Мы, студийцы, часто вспоминали Марджанова, его постановки в соловцовском театре, его заботу о молодежи, его грандиозные планы. Вслед за Марджановым в Петроград уехали некоторые выпускники театральных студий, и мы завидовали им. В Петрограде была блокада, было холодно и голодно, но каждый из нас охотно переносил бы любые лишения за право работать с Марджановым.

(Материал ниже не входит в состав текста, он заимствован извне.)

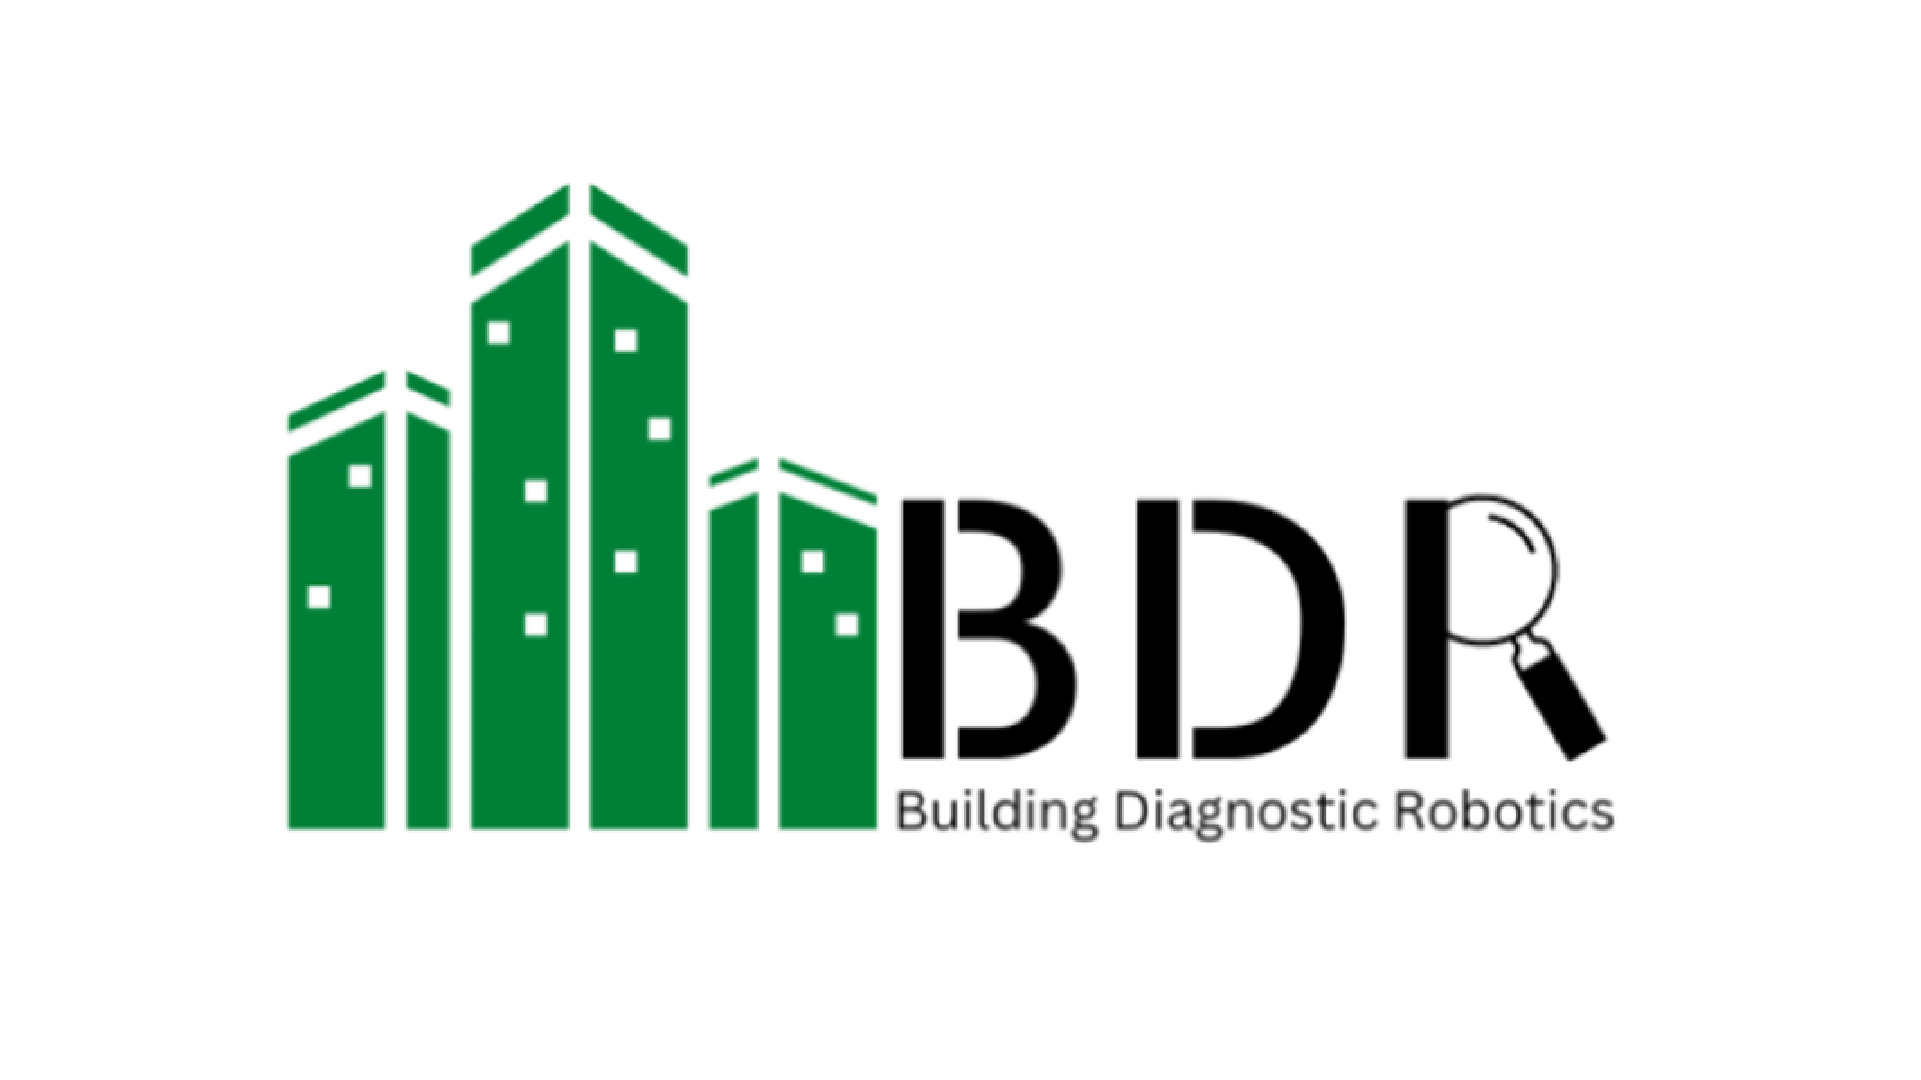 Building Diagnostic Robotics

Вот об этом периоде киевской жизни мы вспоминали с Константином Александровичем в Тифлисе, в «Симпатии» — так называлась шашлычная, где на стенах в овальных медальонах были портреты великих людей, все совершенно одинаковые; различить их можно было только по усам, бакенбардам, прическам, а главным образом по подписям: Сократ, Лермонтов, Наполеон, Галилей — у всех было одно лицо, с удлиненными черными, как маслины, глазами.
Марджанов спросил Луначарского:
— А помните Петроград?
И снова в его передаче воскресали страницы яркой созидательной работы режиссера-новатора, вечного искателя непроторенных путей.

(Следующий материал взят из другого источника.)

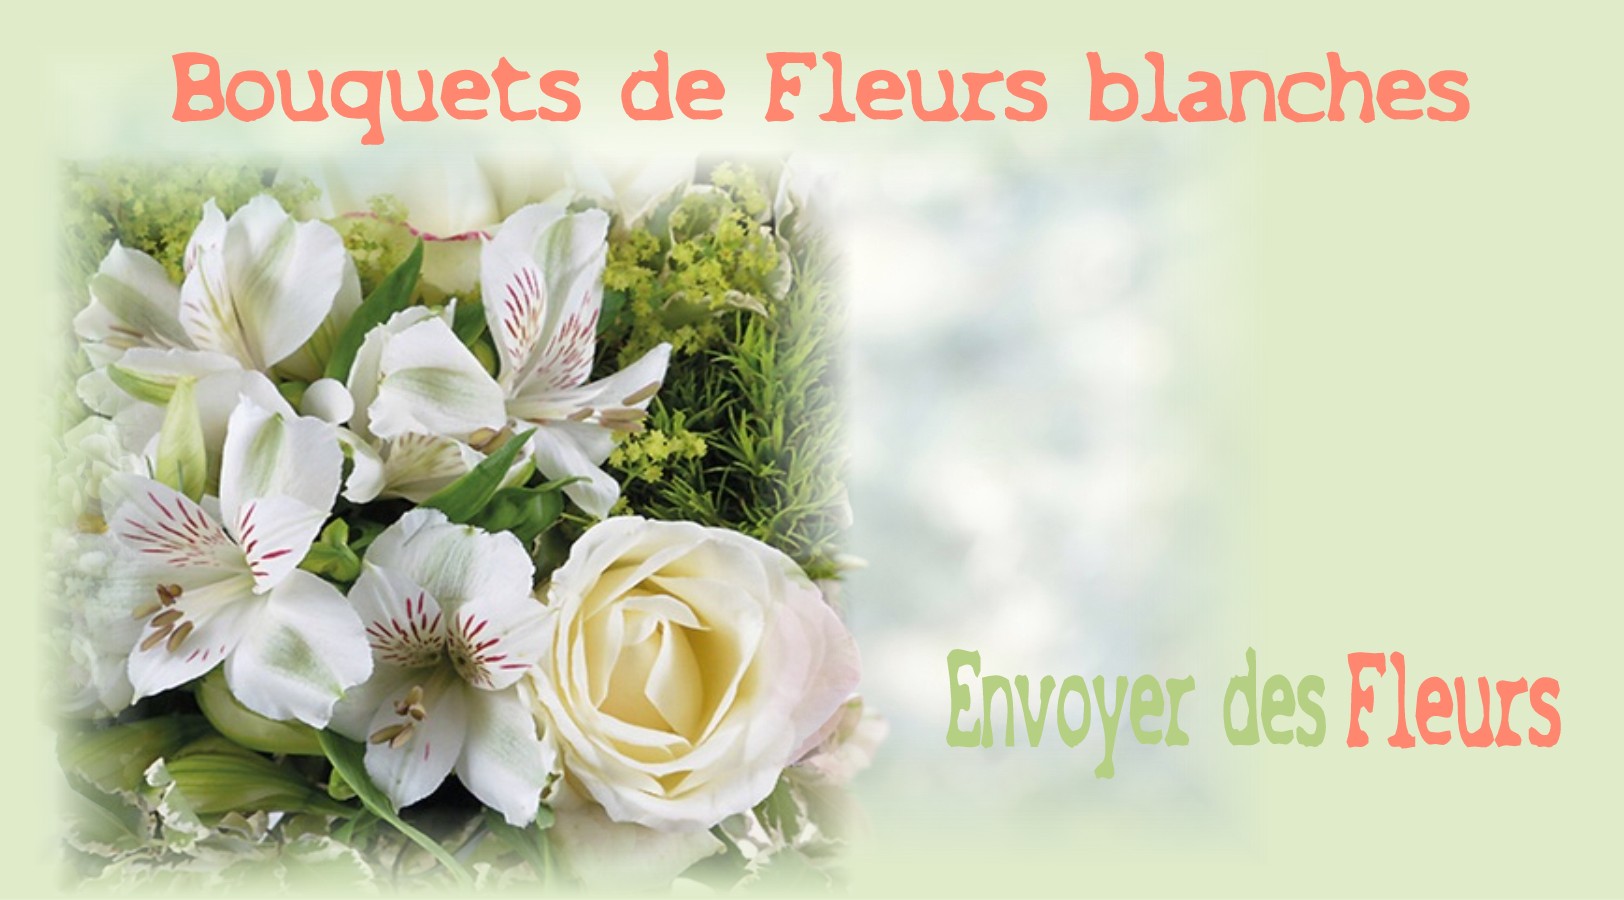 BOUQUETS DE FLEURS BLANCHES -FLEURISTE des ALPES MARITIMES - ENVOYER DES FLEURS

Анатолий Васильевич вспоминает постановку Марджанова «К мировой Коммуне» в Петрограде в 1920 году, в которой участвовало четыре тысячи человек. Ни до, ни после нельзя было увидеть равного по грандиозности зрелища. В этот же период Марджанов предложил Луначарскому широкий план создания массового театра под открытым небом в излучине Москвы-реки, возле бывшей дачи Ноева, где самой природой устроен великолепный амфитеатр. Он же разработал режиссерский сценарий «1 Мая». Поистине, марджановская фантазия была неисчерпаема.
Летом 1924 года в Тифлисе гостил Александр Иванович Сумбатов-Южин, к которому Марджанов относился с особым уважением и теплотой. В их творческой судьбе было известное сходство: оба — грузины по рождению, оба — крупнейшие деятели русского театра, остававшиеся в то же время пламенными патриотами родной Грузии. Южин, старше Марджанова на семнадцать лет, представитель старейшего русского академического театра, признанный актер, маститый драматург, охотно слушал, иногда улыбаясь чуть иронически, пламенные импровизации Котэ, но это была улыбка умудренного жизнью человека, а горячность и непрактичность Марджанова ему, по-видимому, очень нравились.

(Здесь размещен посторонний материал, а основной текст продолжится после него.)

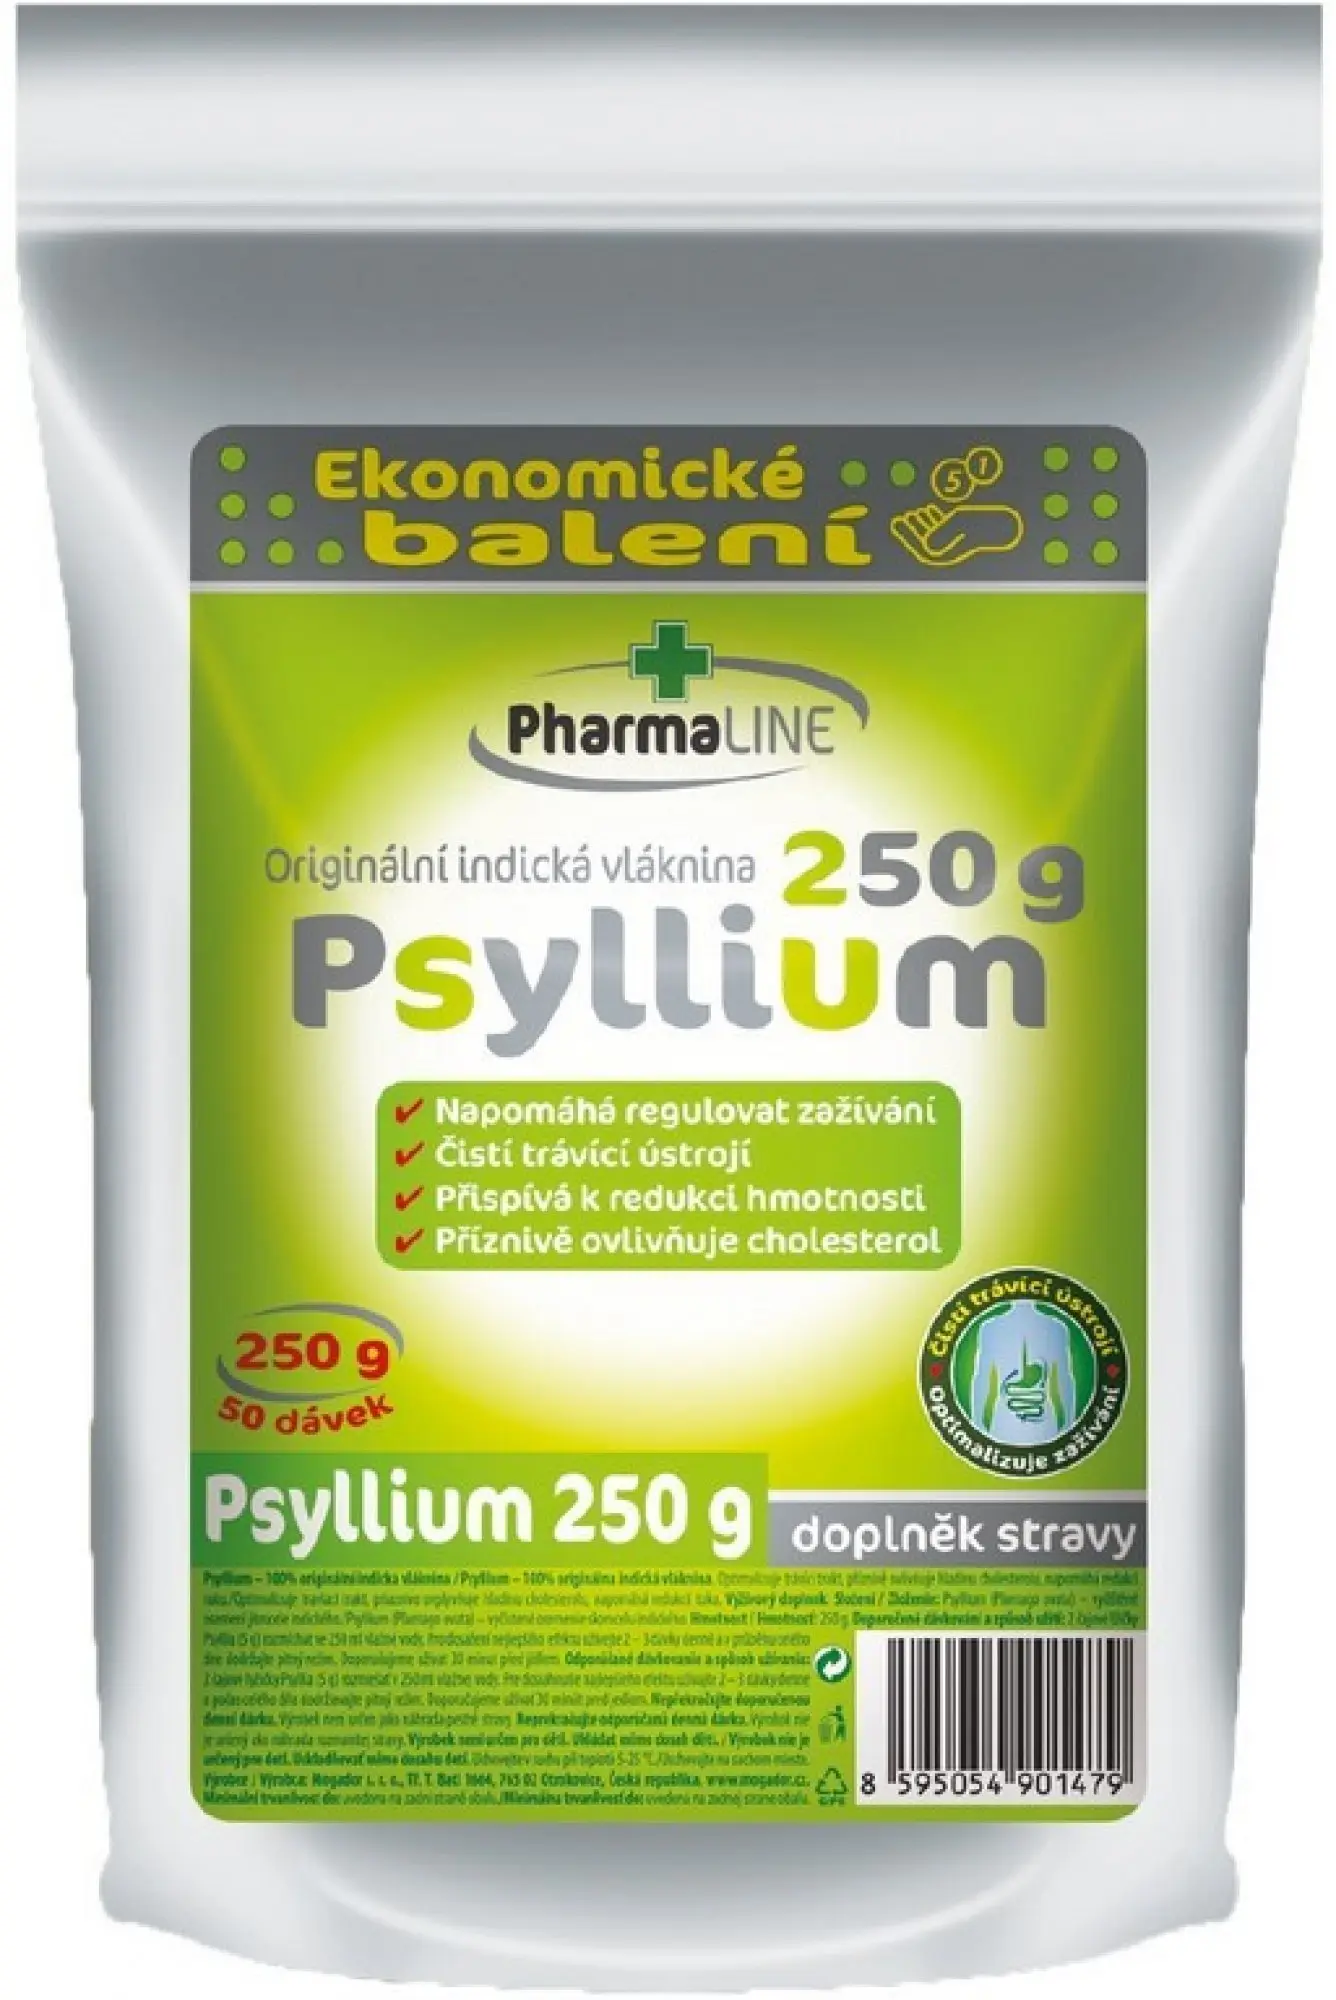 PharmaLINE Psyllium vláknina ekonomické balení 250 g

В это лето Южин после большого перерыва снова посетил родной Тифлис, где провел свои юные годы; он разыскивал знакомые места в старых кварталах города, вспоминал людей и события своих далеких гимназических лет.
Для него Марджанов устроил трогательную и забавную инсценировку: «День в старом Тифлисе», — в которой был автором, режиссером и одним из исполнителей.
Марджанов, Южин и их друзья провели несколько часов в бане Орбелиани, где их по всем правилам мяли и избивали замечательные банщики-массажисты; туда же приносили шашлыки на раскаленных шампурах и бурдюки с кахетинским. Потом в знаменитых тифлисских «фаэтонах» они отправились в Мцхет послушать народные песенки и остроумные прибаутки широко известного в ту пору духанщика Захара Захаровича, «последнего кинто», как его называли. Популярность Захара Захаровича была так велика, что его сняли в нескольких фильмах, и его появление на экране обычно вызывало бурную реакцию в публике. Он сам гордился своими успехами в кино, больше чем признанием в качестве народного певца-импровизатора.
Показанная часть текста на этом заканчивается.